Now, the way is clear: we derive any number greater than 2015 (e.g. starting from 2, use $x^2, x^2, x^2, x^2$ to get 65536), then repeatedly subtract one to get to 2015. (There are lower easily-obtainable integers, such as 8! = 40320, but this answer is aimed just at finding a possible solution).

So here's one possible key sequence: $$ 0, \cos, \arctan, \sin, x^2 ( = 0.5), \\ \arctan, \cot, x^2, x^2, x^2, x^2 (=65536), \\ \arctan, \cot, \sqrt{x} (=\sqrt{1/65536}), \\ \{ \arcsin, \tan \}^{63521} (=\sqrt{1/2015}), \\ \arctan, \cot, x^2 (=2015). $$

(Note that due to numerical inaccuracy inherent to all numerical calculators, the result is probably not going to be exactly 2015. But it's a math puzzle, not a calculator puzzle, so this doesn't really matter :) )

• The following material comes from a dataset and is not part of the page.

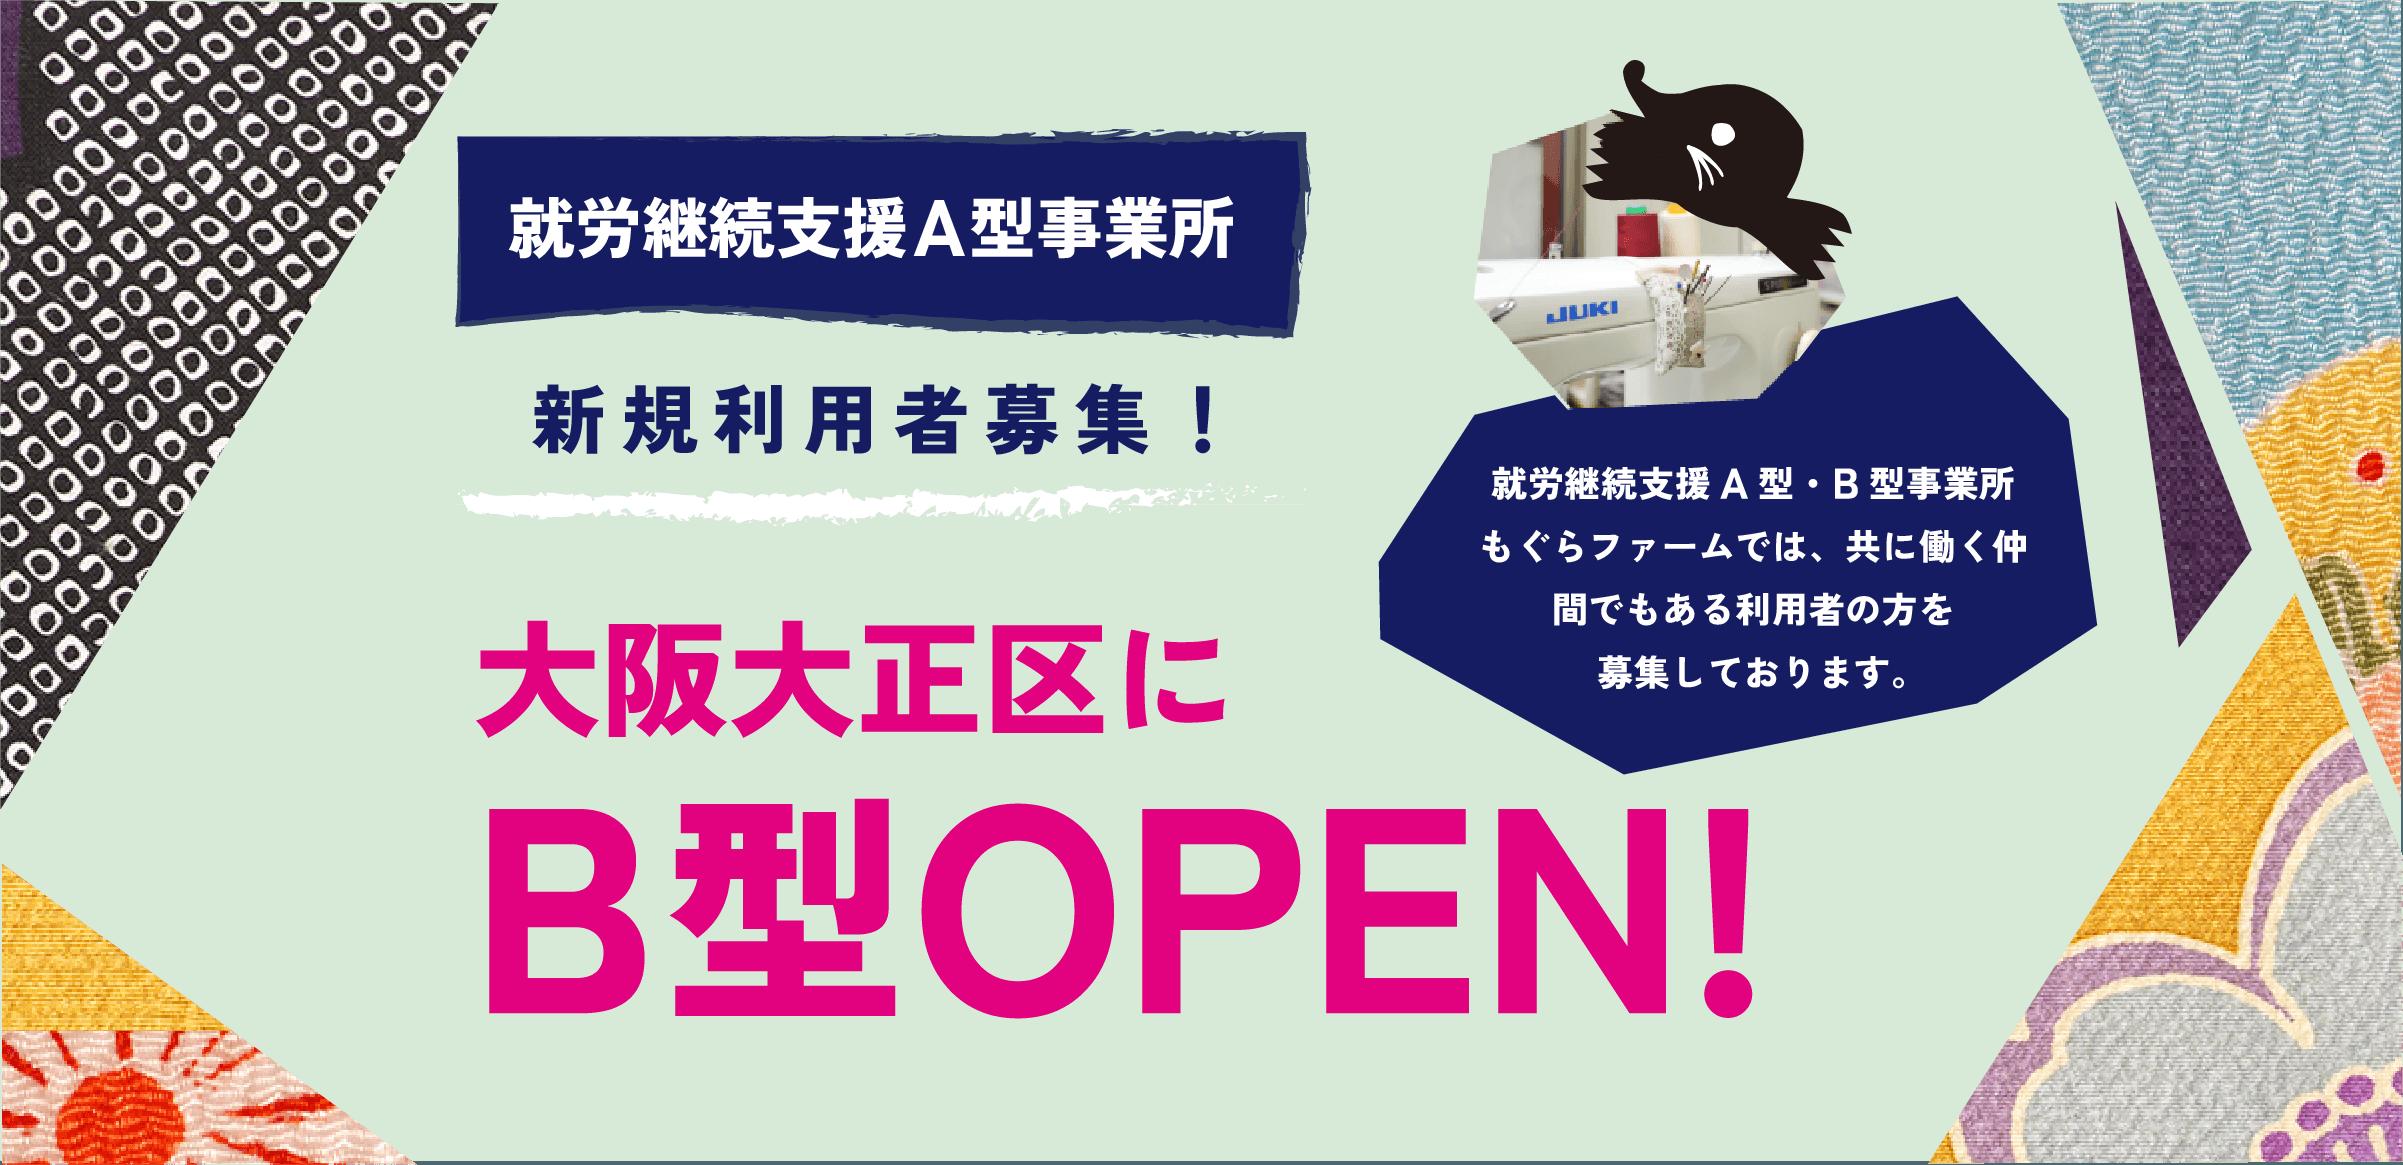 大阪大正区にB型オープン

If we want to be a bit more clever with this, we can use an approach like the one Daniil Agashiyev used in his answer to reduce the number of uses of our primitives.

We can also observe that the inverse of our $x-1$ primitive enables us to get $x+1$. Thus, we can reduce the steps to simply $$ 0, \cos, \arctan, \sin (=1/\sqrt{2}),\\ x^2, \{\arctan, \sin\}^{3} (=1/\sqrt{7}),\\ x^2, \{\arcsin, \tan\}^{4} (=1/\sqrt{45}),\\ x^2, \{\arcsin, \tan\}^{10} (=1/\sqrt{2015}),\\ x^2, \arctan, \cot (=2015). $$ This is a total of just 43 keypresses - not bad! Here we're still not using $\exp$ or $\ln$.

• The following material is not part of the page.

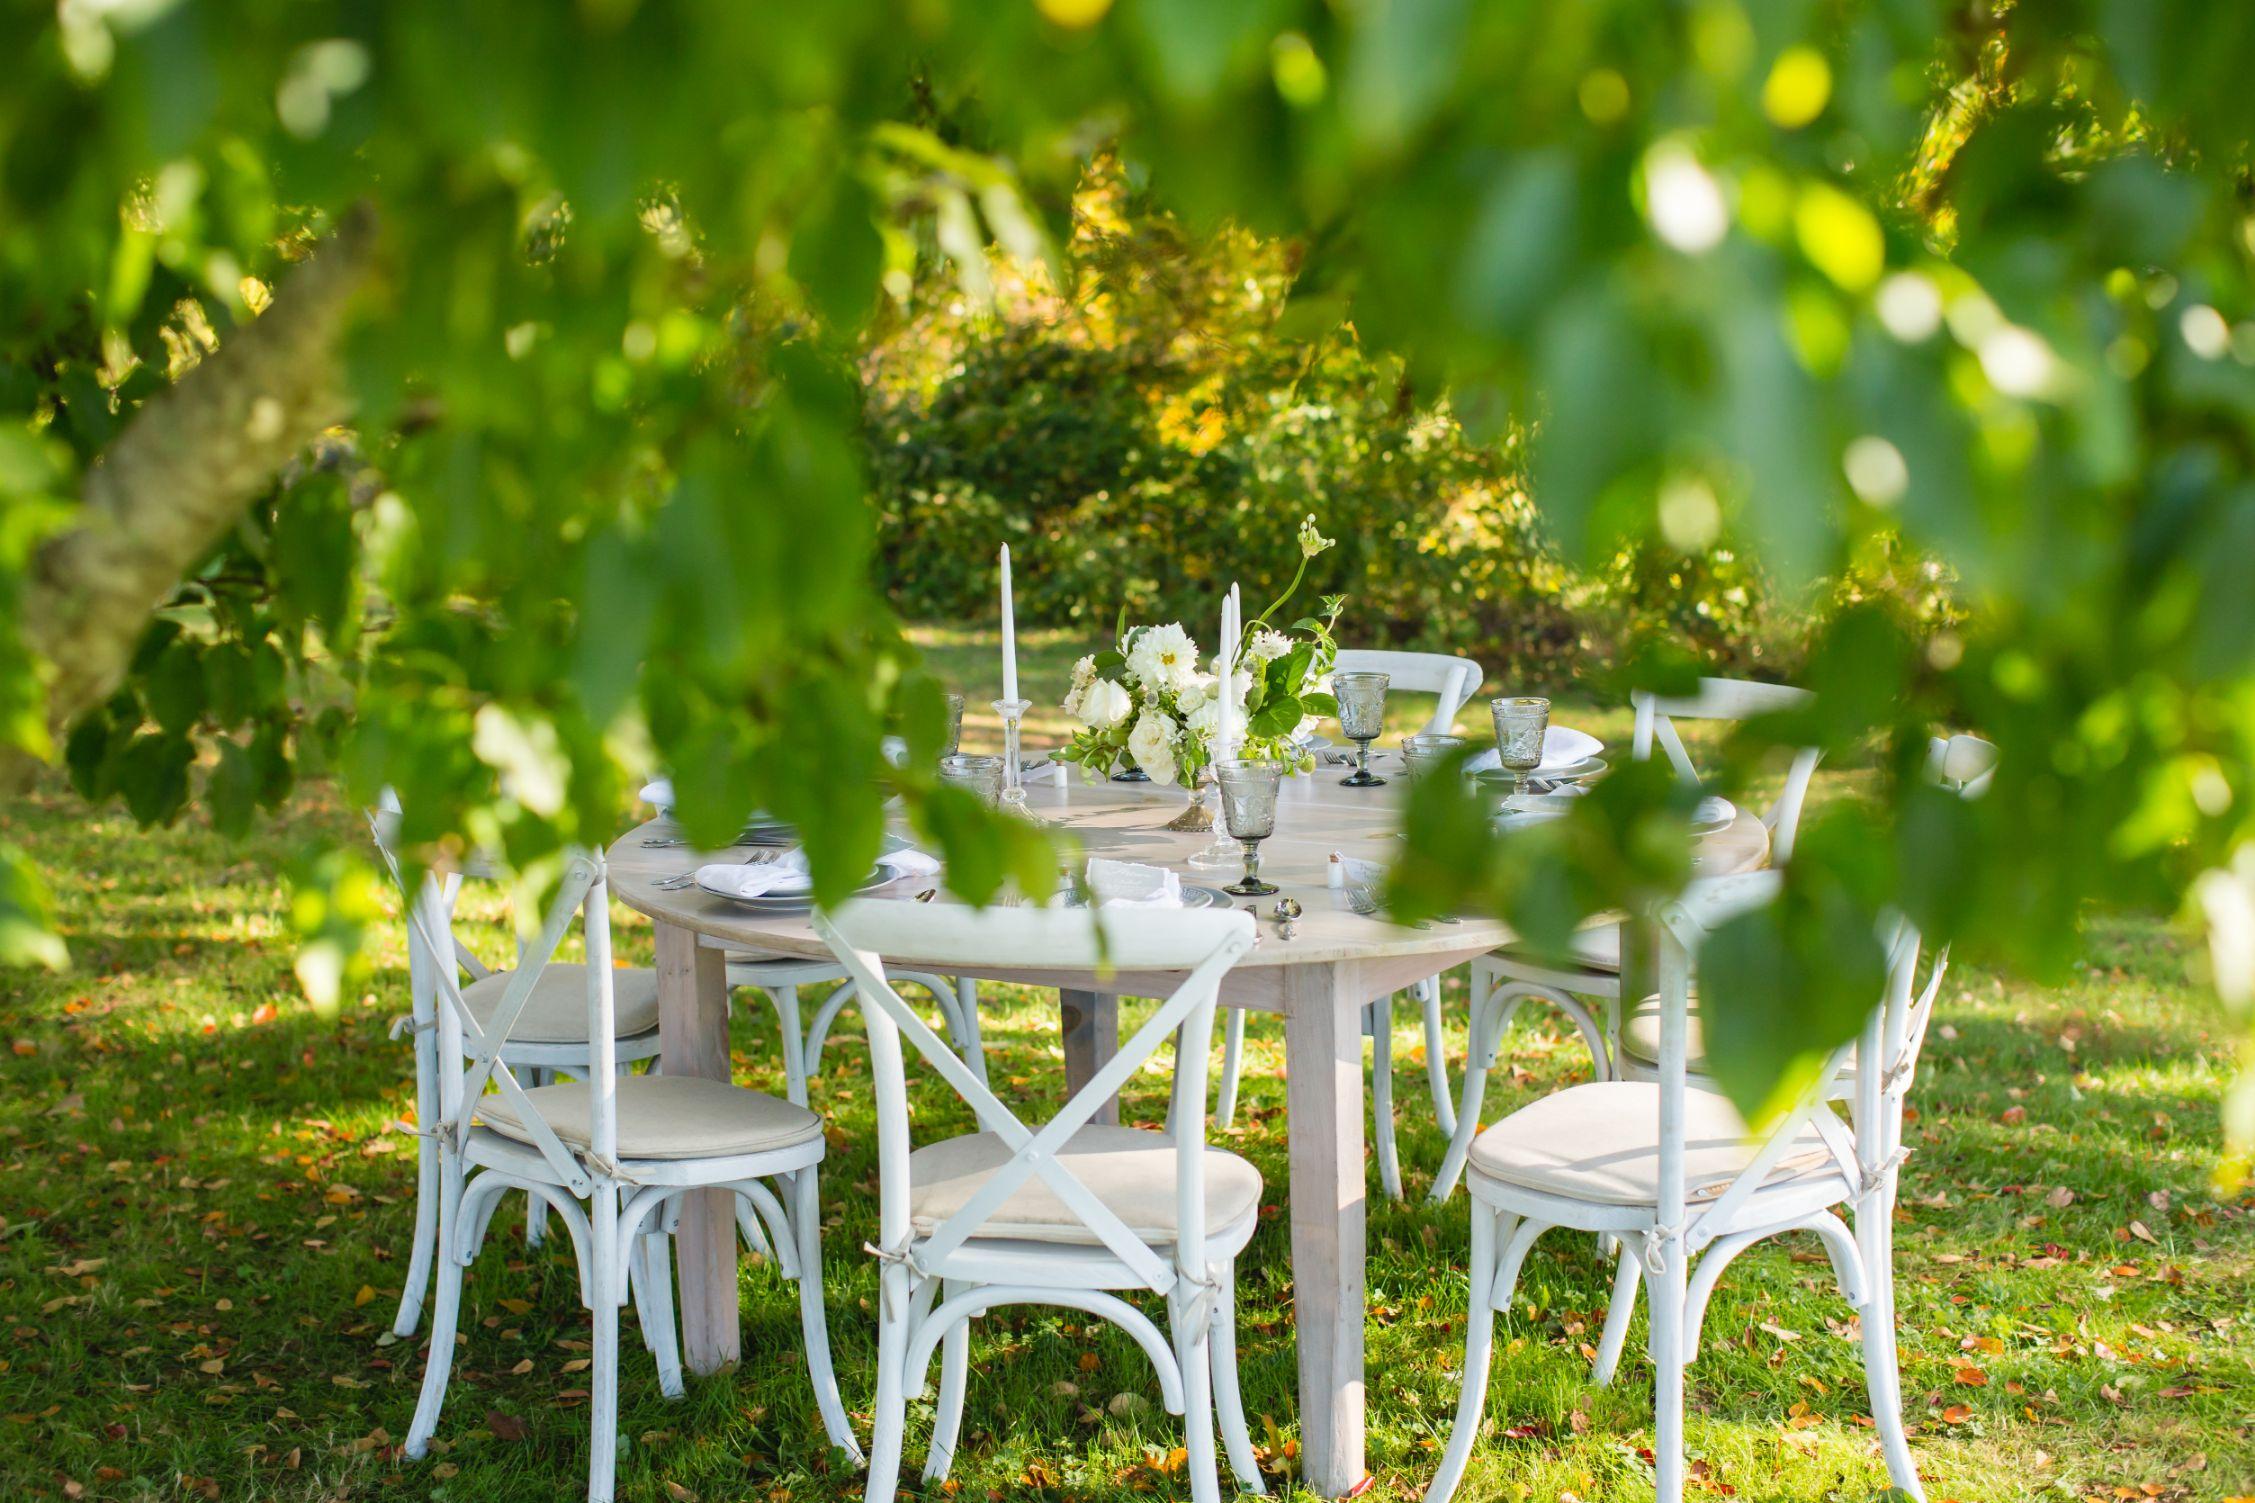 elevated-locale-bourne-farm-falmouth-wedding-daylynn-designs159.jpg

Finally, if our goal is to minimize the amount of button-mashing necessary to enter the number, we can bring in $\exp$ and $\ln$. Combining these with $x^2$ and $\sqrt{x}$ enables us to multiply and divide by 2, as fibonatic observed in his answer. With $x+1$, $x-1$, $2x$ and $x/2$ primitives at our disposal, we can get 2015 with just 20 keypresses:

$$ 0, \cos, \exp, \{\sqrt{x}\}^3, \ln \,(=1/8),\\ \arcsin, \tan, x^2\, (=1/63),\\ \exp, \{\sqrt{x}\}^5, \ln, \,(=1/2016),\\ \sqrt{x}, \arcsin, \cot, x^2 \, (=2015). $$

This has very good numerical stability to boot: it doesn't require any values beyond the range of a standard 32-bit float. Using 64-bit floats for computation, the result is 2014.9999999997042, within $3\cdot 10^{-10}$ of 2015.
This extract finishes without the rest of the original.